When scrolling the display of image information in the window, the address offset value Awsn of the window attribute register 13 may be changed. In the above embodiment, the case where the present invention is applied to an LCD controller of an image display device has been described as an example. Needless to say, it can be applied to

[0040]

According to the image display apparatus of the present invention, in so-called multi-window display, mask data for expressing the degree of overlap of individual windows to be displayed is generated in synchronization with the display operation, and display control is performed. it can. For this reason, by setting the degree of overlap of each window using the priority information corresponding to the order in which the windows overlap, it is possible to arbitrarily set the display shape of the window without changing the image information in the VRAM. it can.

Therefore, in order to change the vertical relationship of each window, it is sufficient to change the priority information.
There is no need to change the above image information. In order to change the display position and size of the window, the display position coordinates (origin, end point) of the corresponding window may be changed. Therefore, the vertical relationship of each window can be changed, and the display position and size can be changed quickly, and all means for changing the display state of the multi-window screen can be quickly performed.

[Brief description of the drawings]

FIG. 1 is a block diagram showing a relationship between a portion according to the present invention of a display control circuit 4 and a VRAM 7 and a display device 9 in FIG.

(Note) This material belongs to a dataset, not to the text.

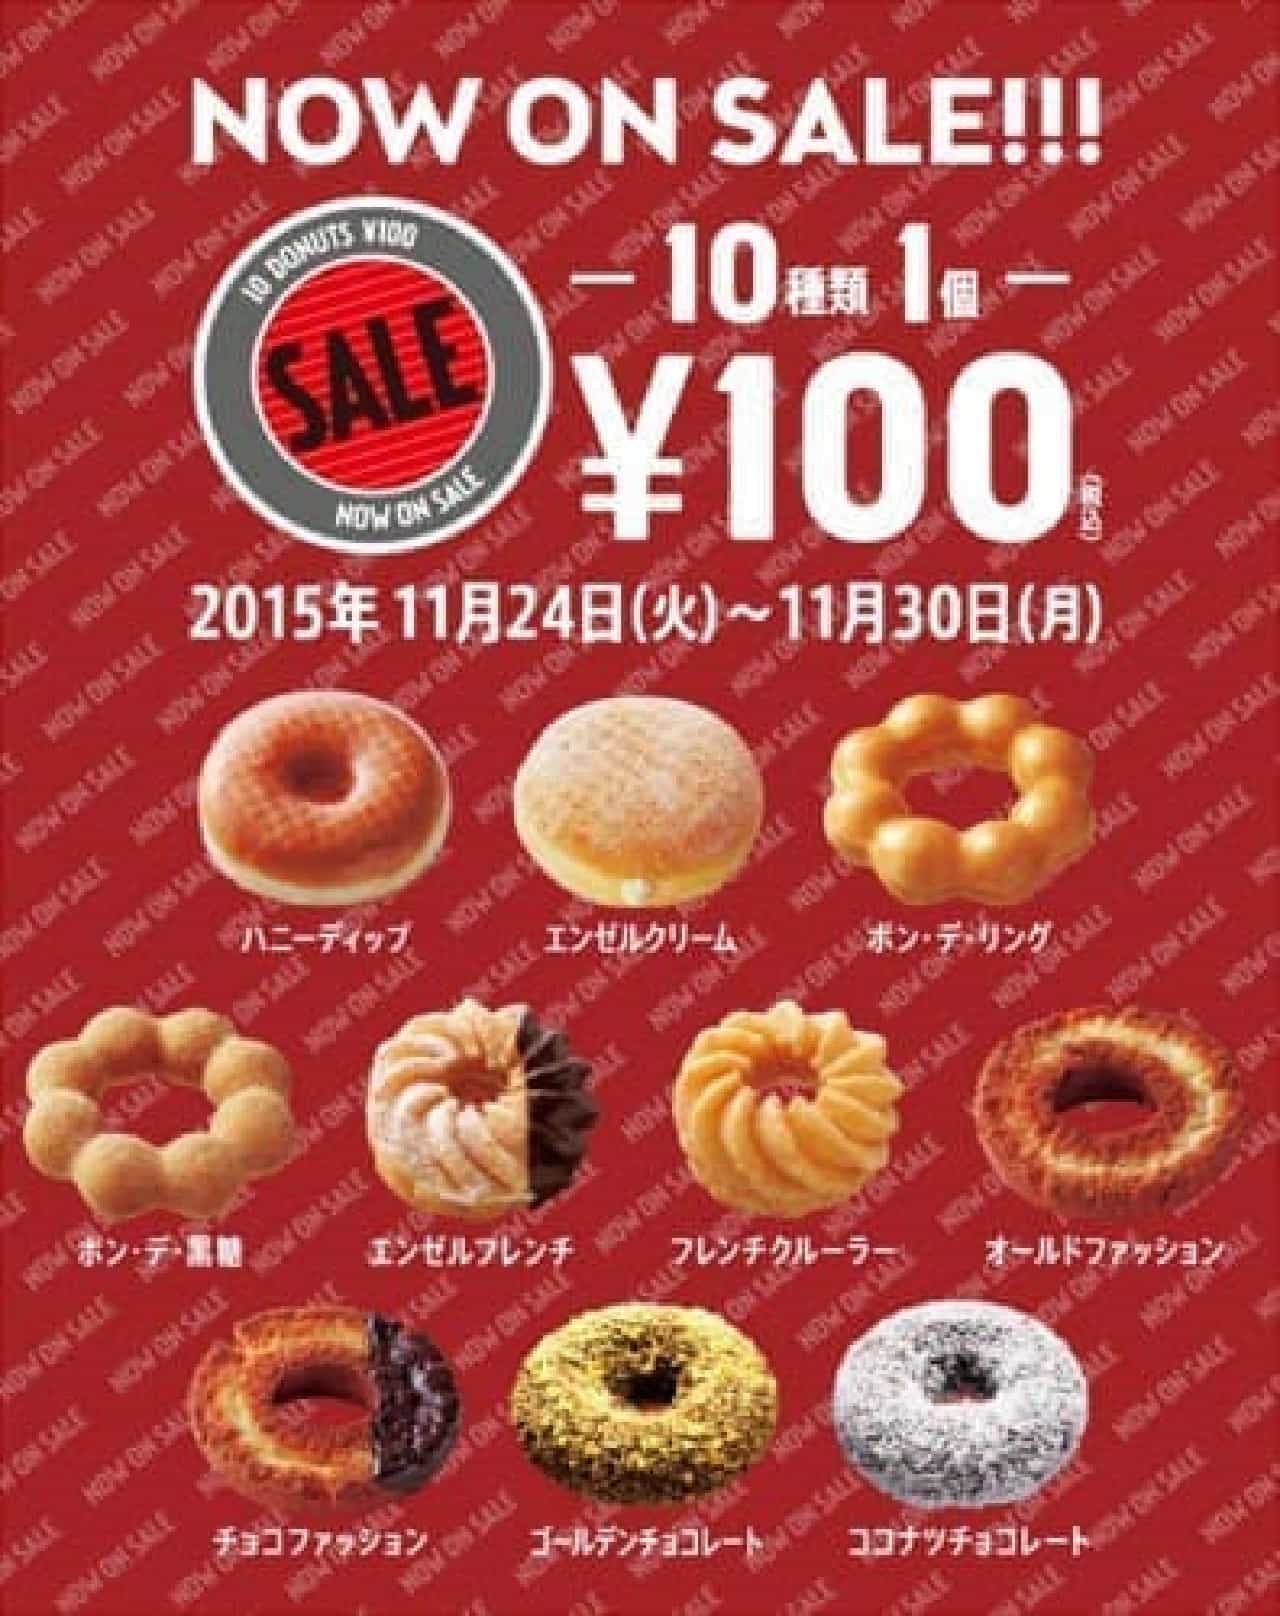 100 yen sale at Mister Donut! (Image source: Mister Donut official website)

FIG. 2 is a block diagram showing an internal configuration of an embodiment of the image display device according to the present invention.

FIG. 3 is a diagram showing an example of a window display on a display screen.

[Explanation of symbols]

1: CPU 2: ROM 3: Timing generator 4: Display control circuit 5: Bus driver 6: Multiplexer 7: VRAM 8: Latch circuit 9: Display device 10: Display address bus 11: Main scanning counter 12: Sub scanning counter 13: Window attribute register 14: Priority register 15: Effective layer controller 16: Window attribute switch 17: Mask calculator 18: Address output unit

Claims (3)

[Claims] 1. A multi-window display means for setting a plurality of rectangular windows on a display screen and displaying image information stored in a plurality of image memory areas in each of the plurality of windows. An image display device, comprising: a display control unit that controls display contents by performing a mask process for expressing an overlap between windows displayed on the display screen in synchronization with a display operation. Display device. 2. The display control means includes at least a mask calculator and an effective layer controller, and outputs image information stored in an image memory area corresponding to the effective information output by the effective layer controller. 2. The image display device according to claim 1, wherein the mask calculator performs a mask process for preventing display of image information stored in an image memory area other than the image information. 3. The display control means includes at least a mask calculator, a window attribute register, a window attribute switch, and an effective layer controller, and an image memory area corresponding to the effective information output by the effective layer controller. The mask arithmetic unit performs a mask process for outputting the image information stored in the memory unit and not displaying the image information stored in the other image memory areas. 2. The image display device according to claim 1, wherein the shape of the window is changed by changing the attribute information by the window attribute switch.